Instructions to follow: Your answer must be the lines from the one containing "Nata Kopi Gayo" through the last line below, copied exactly, with no pictures.

Data below:
===============
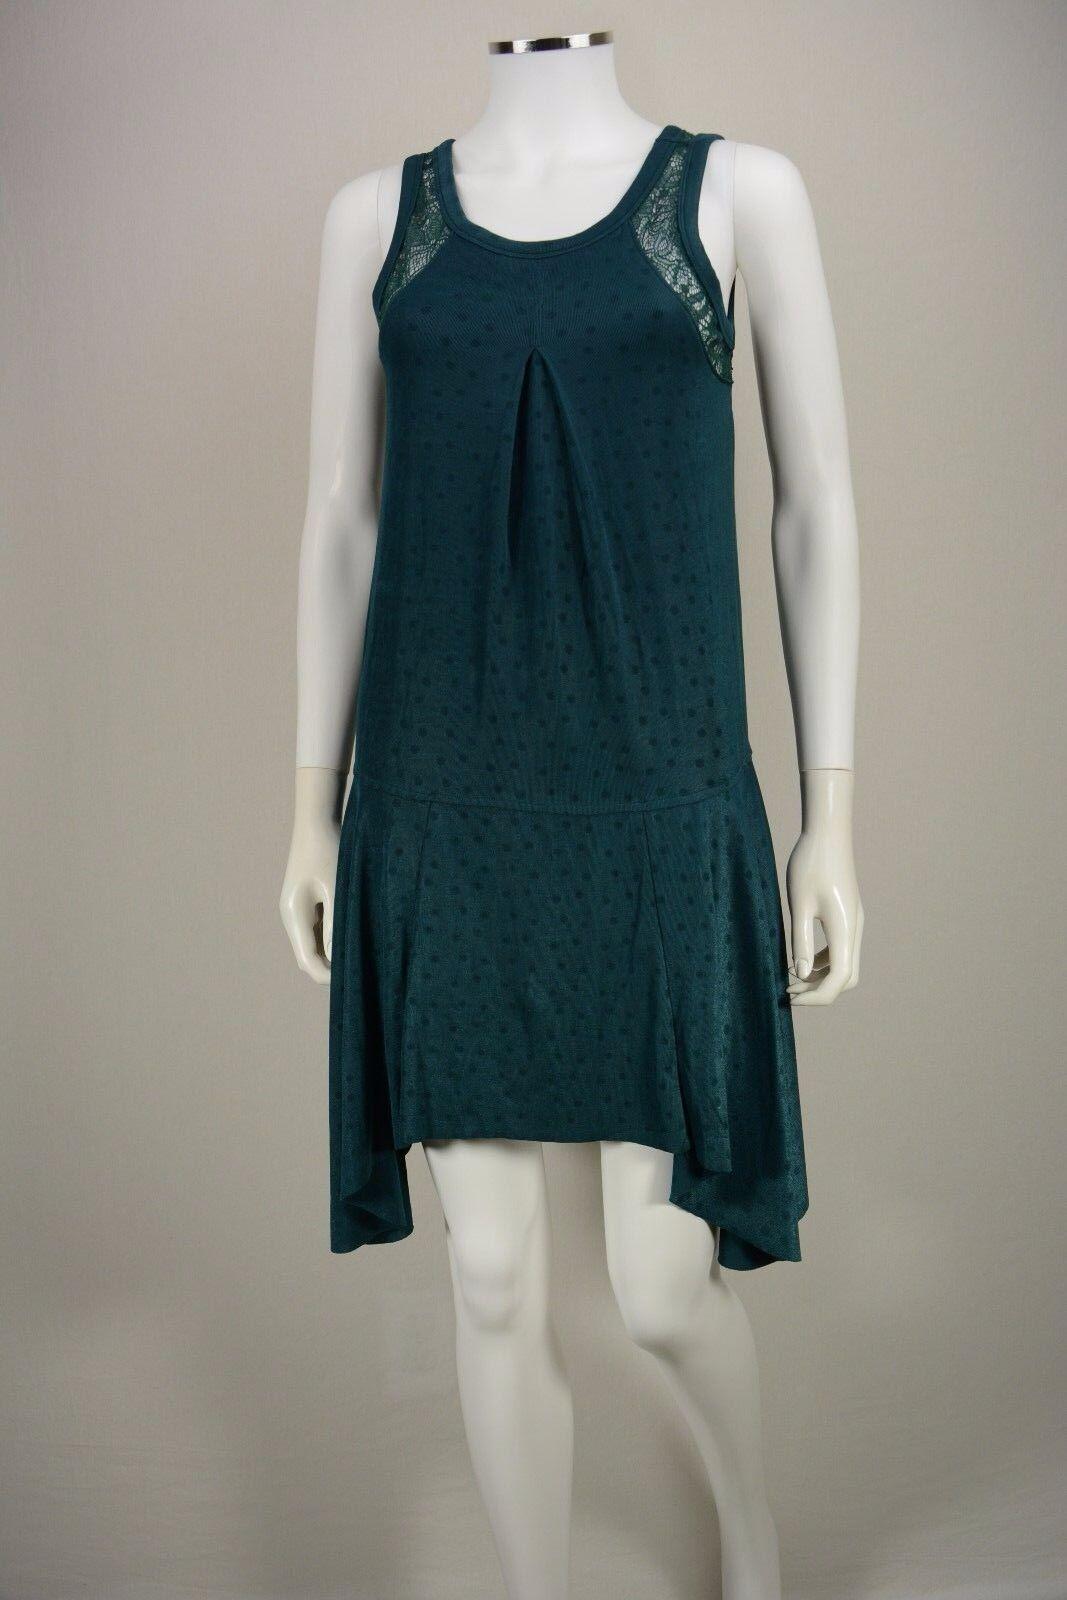 Women's Free People size XS Green Polka Dot High Low Sleeveless Flare Dress NEW
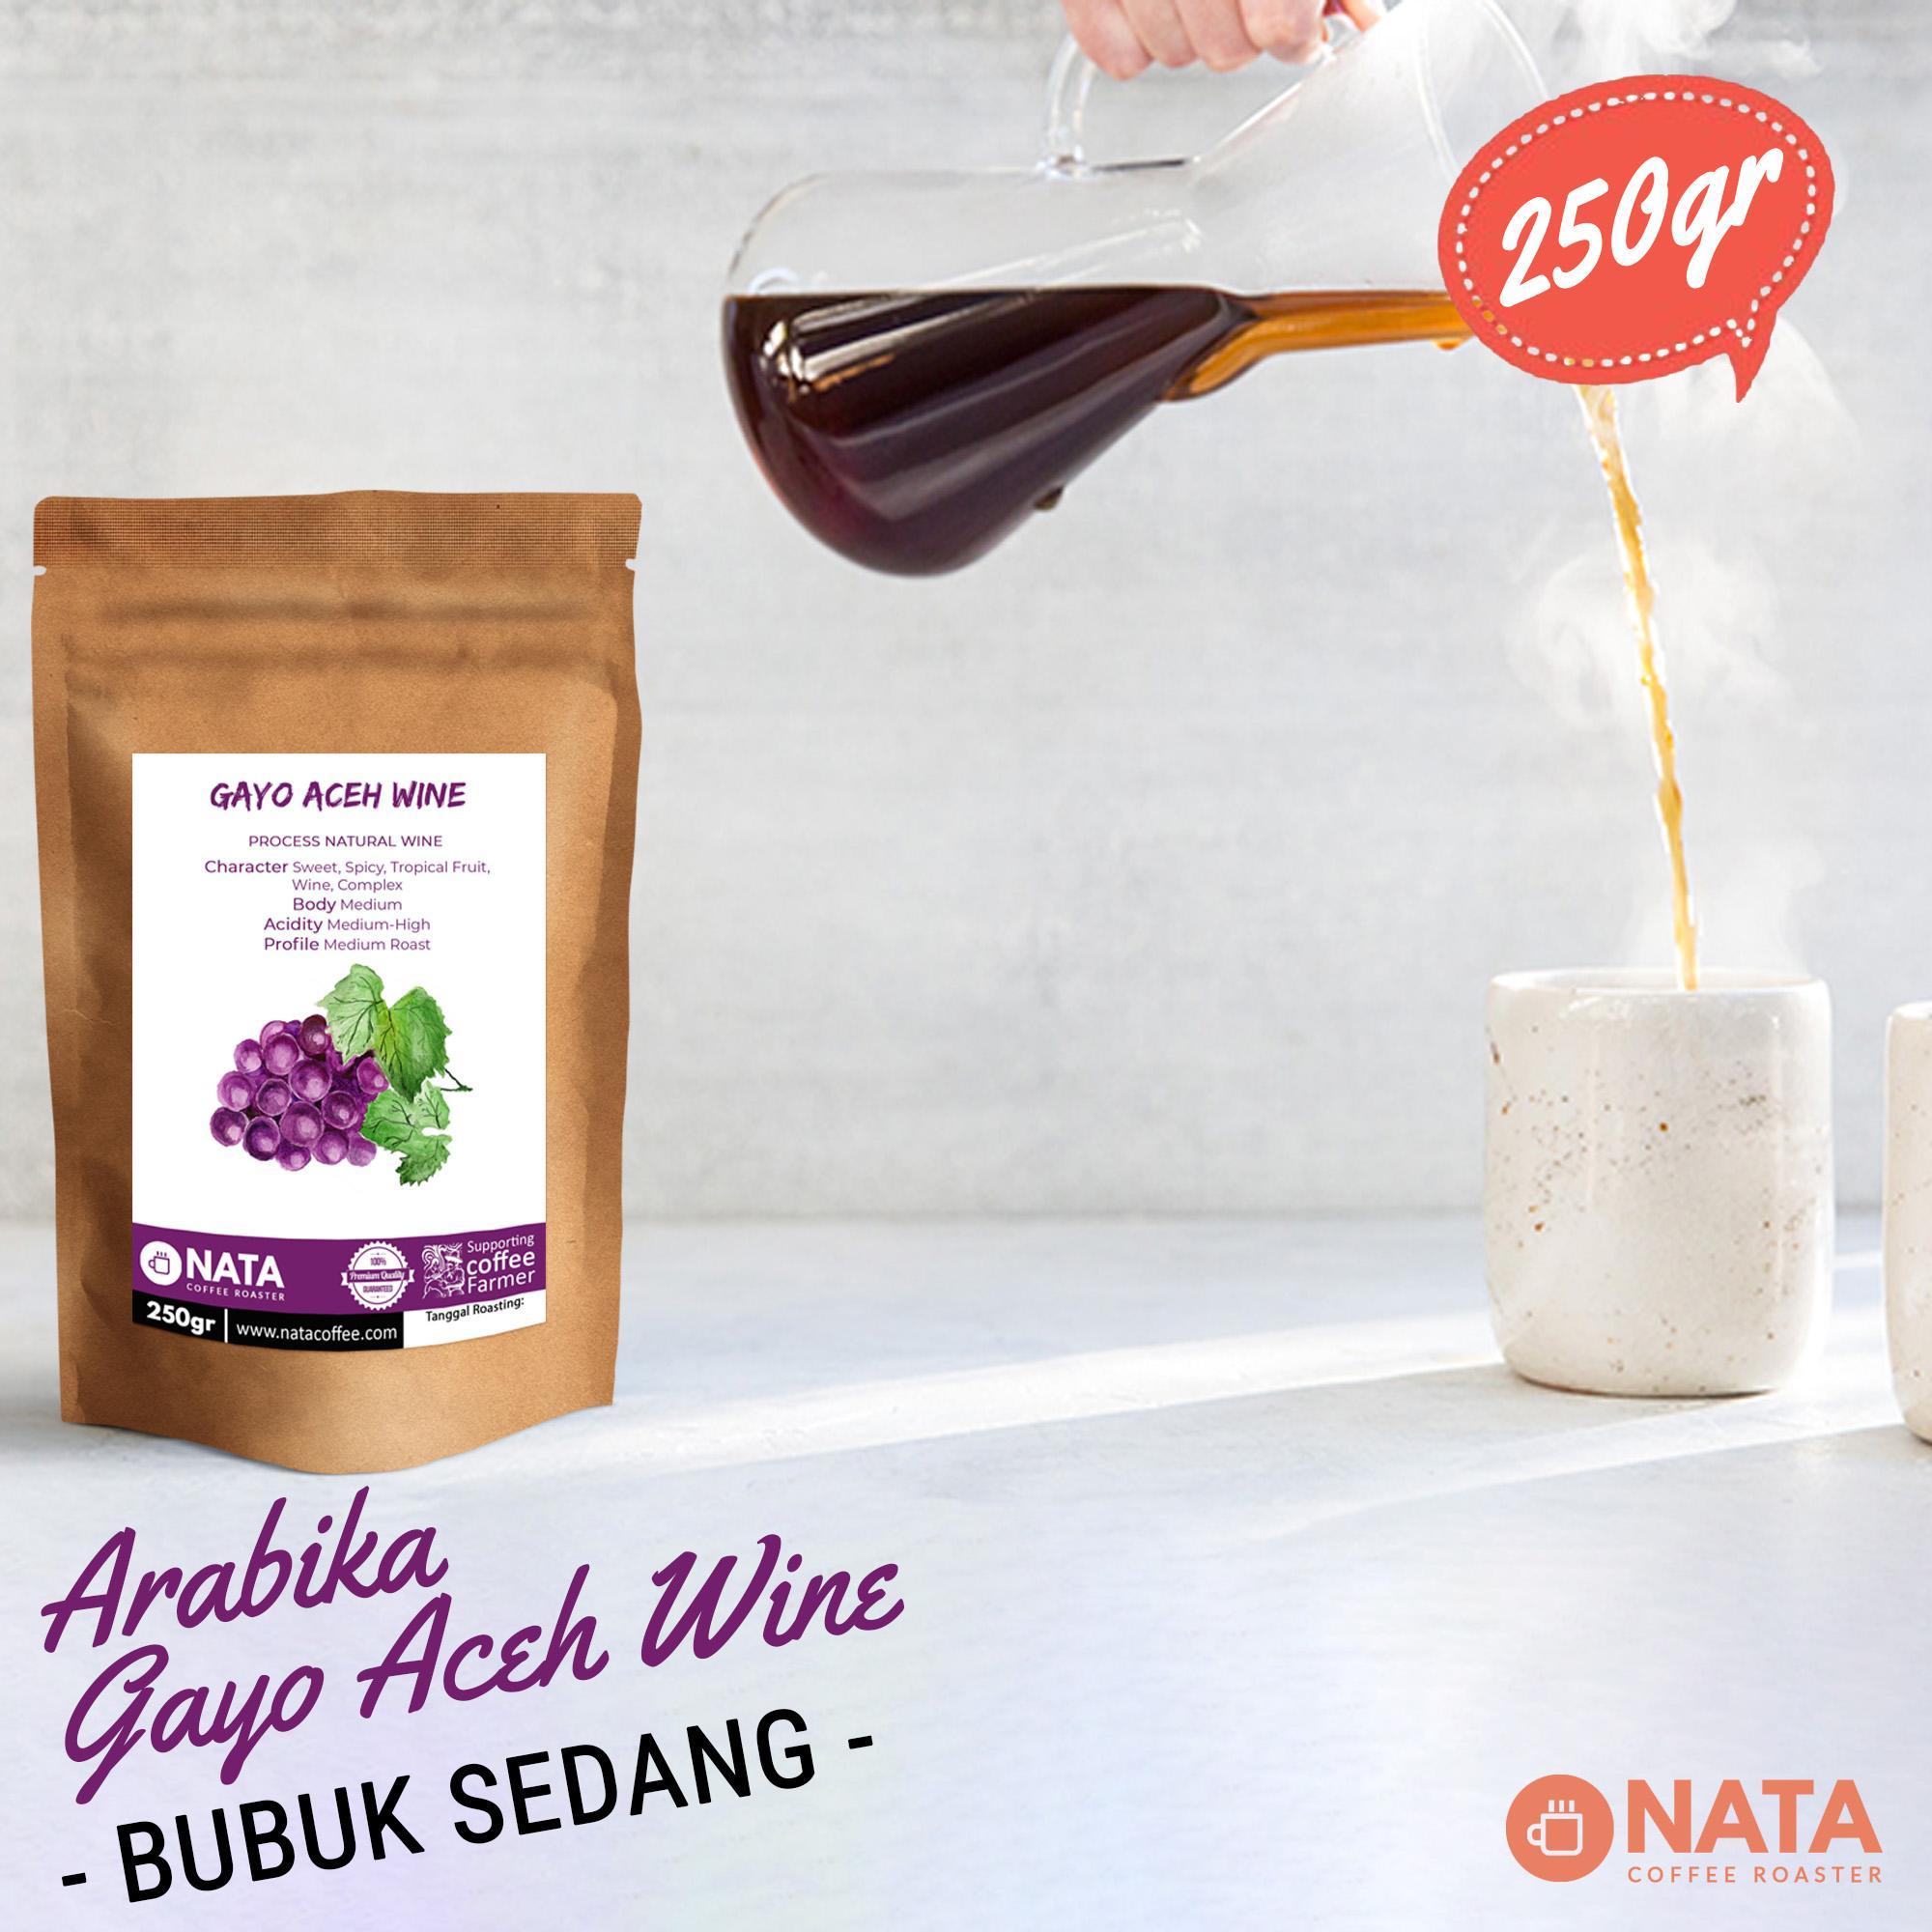 Nata Kopi Gayo Aceh Wine Arabika 250gr - BUBUK SEDANG
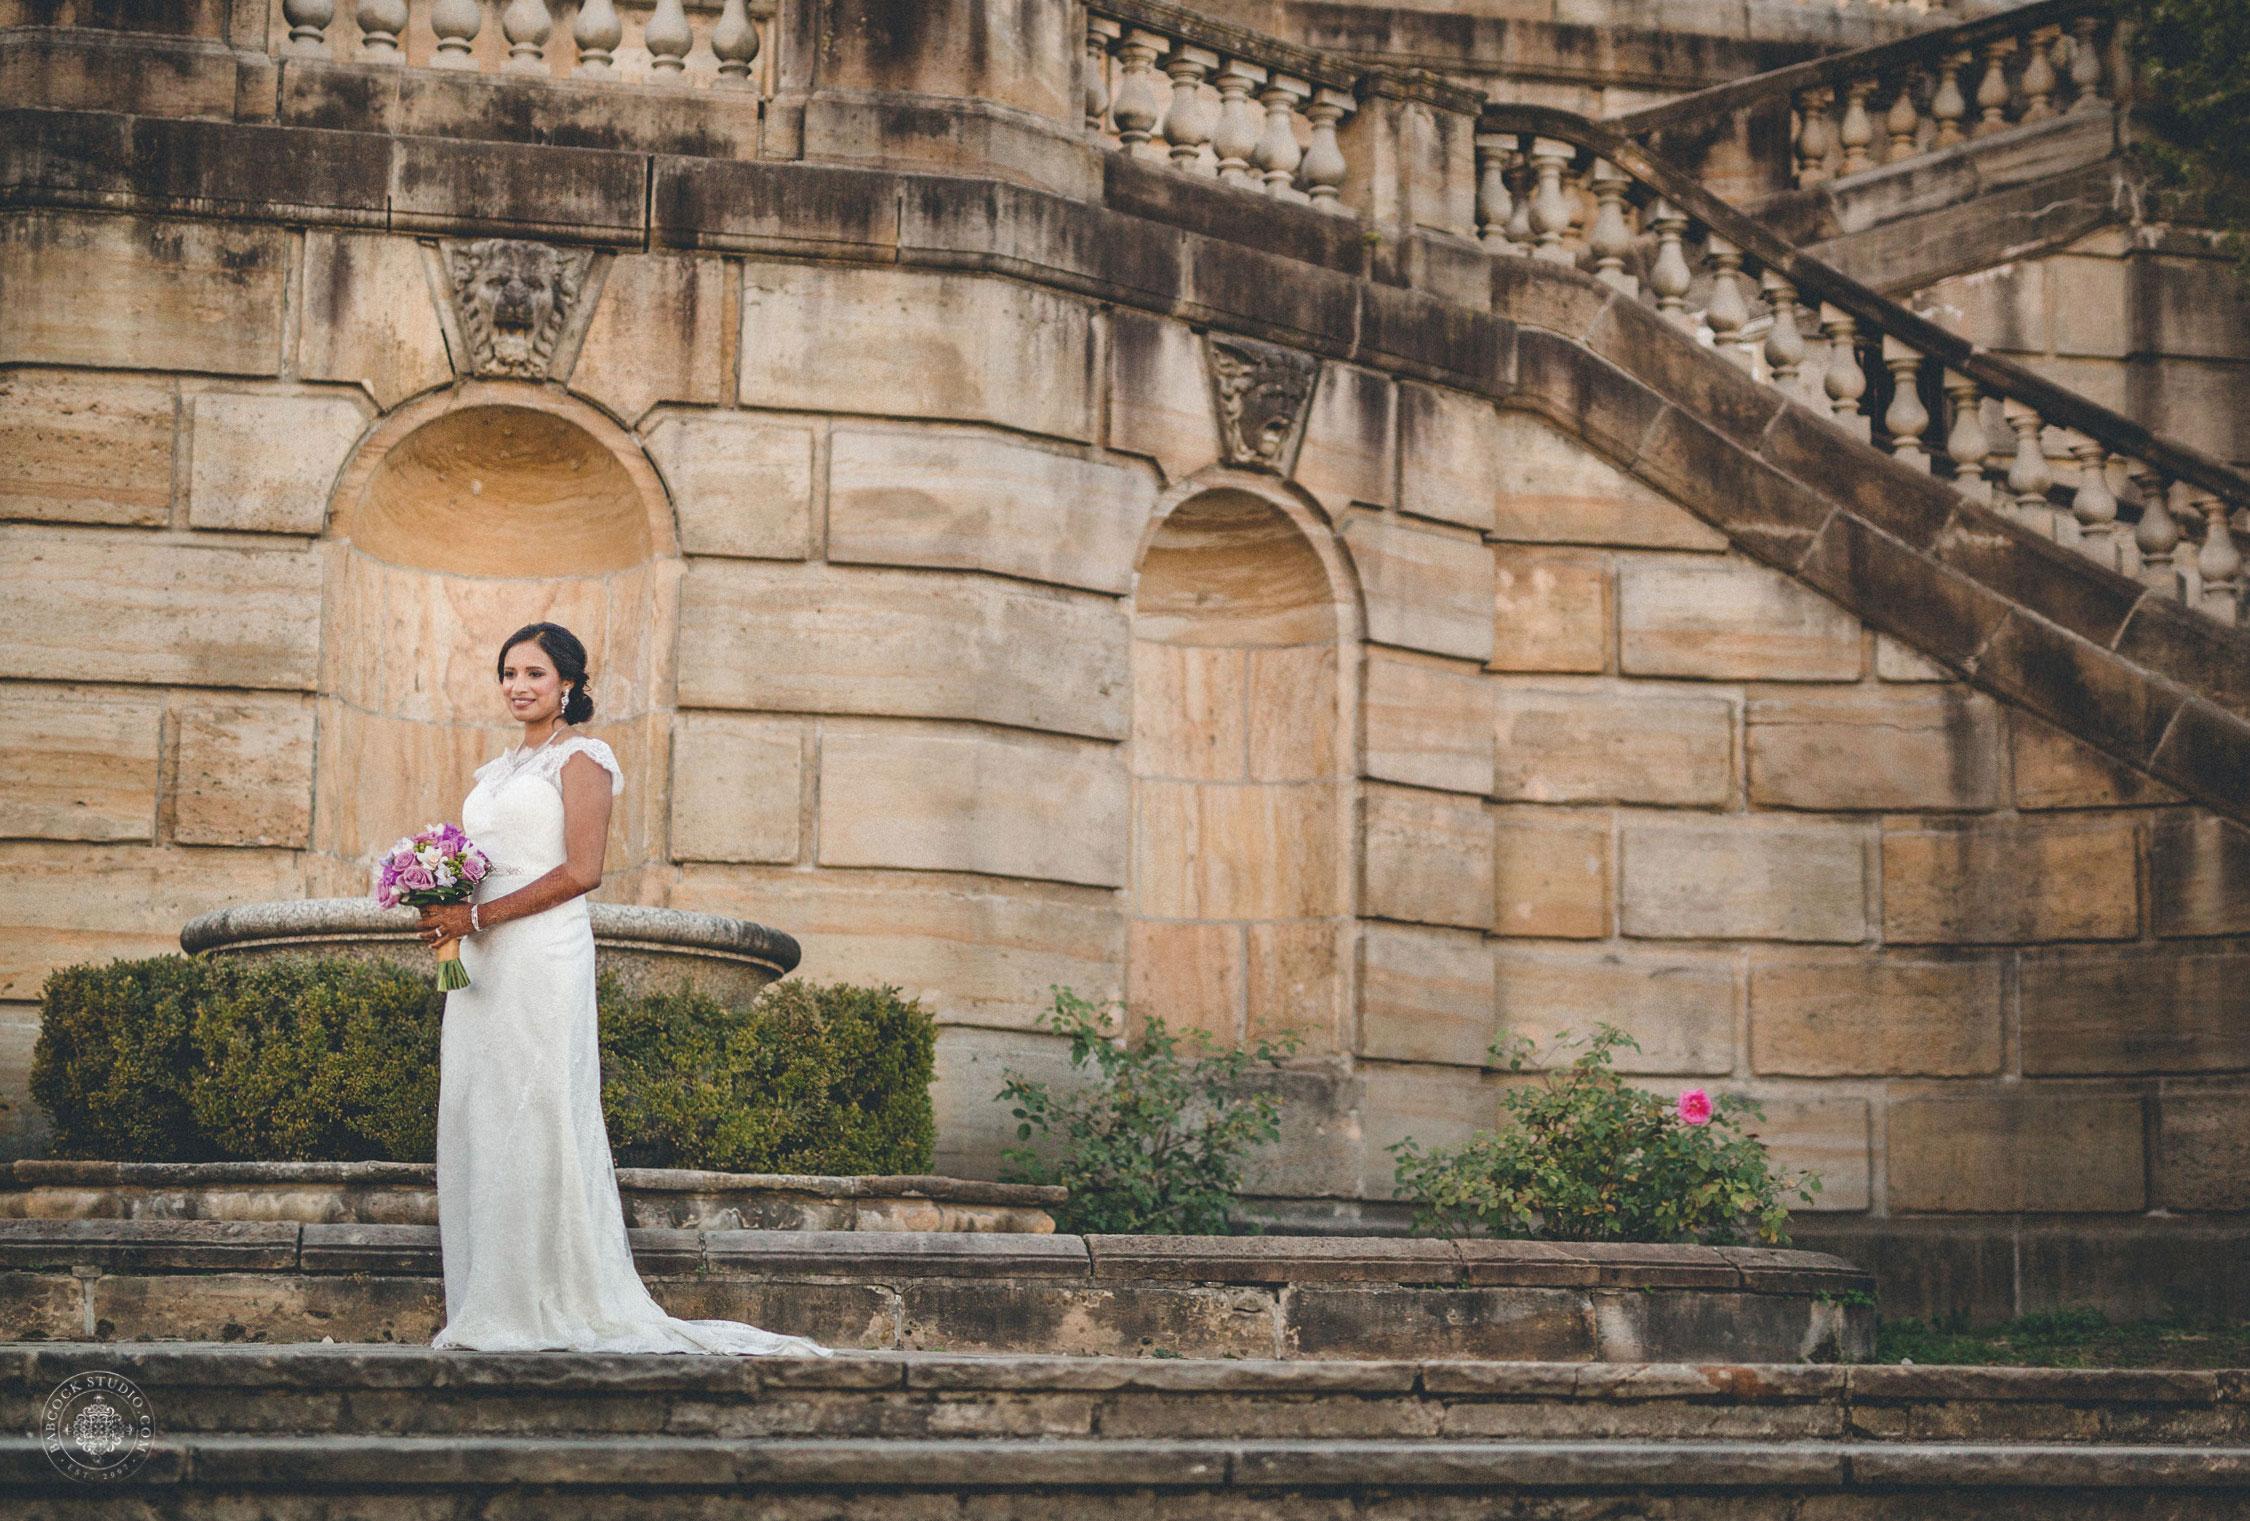 mayuri-brent-indian-wedding-photographer-dayton-ohio-30.jpg
===============
Your solution:
 Nata Kopi Gayo Aceh Wine Arabika 250gr - BUBUK SEDANG
 mayuri-brent-indian-wedding-photographer-dayton-ohio-30.jpg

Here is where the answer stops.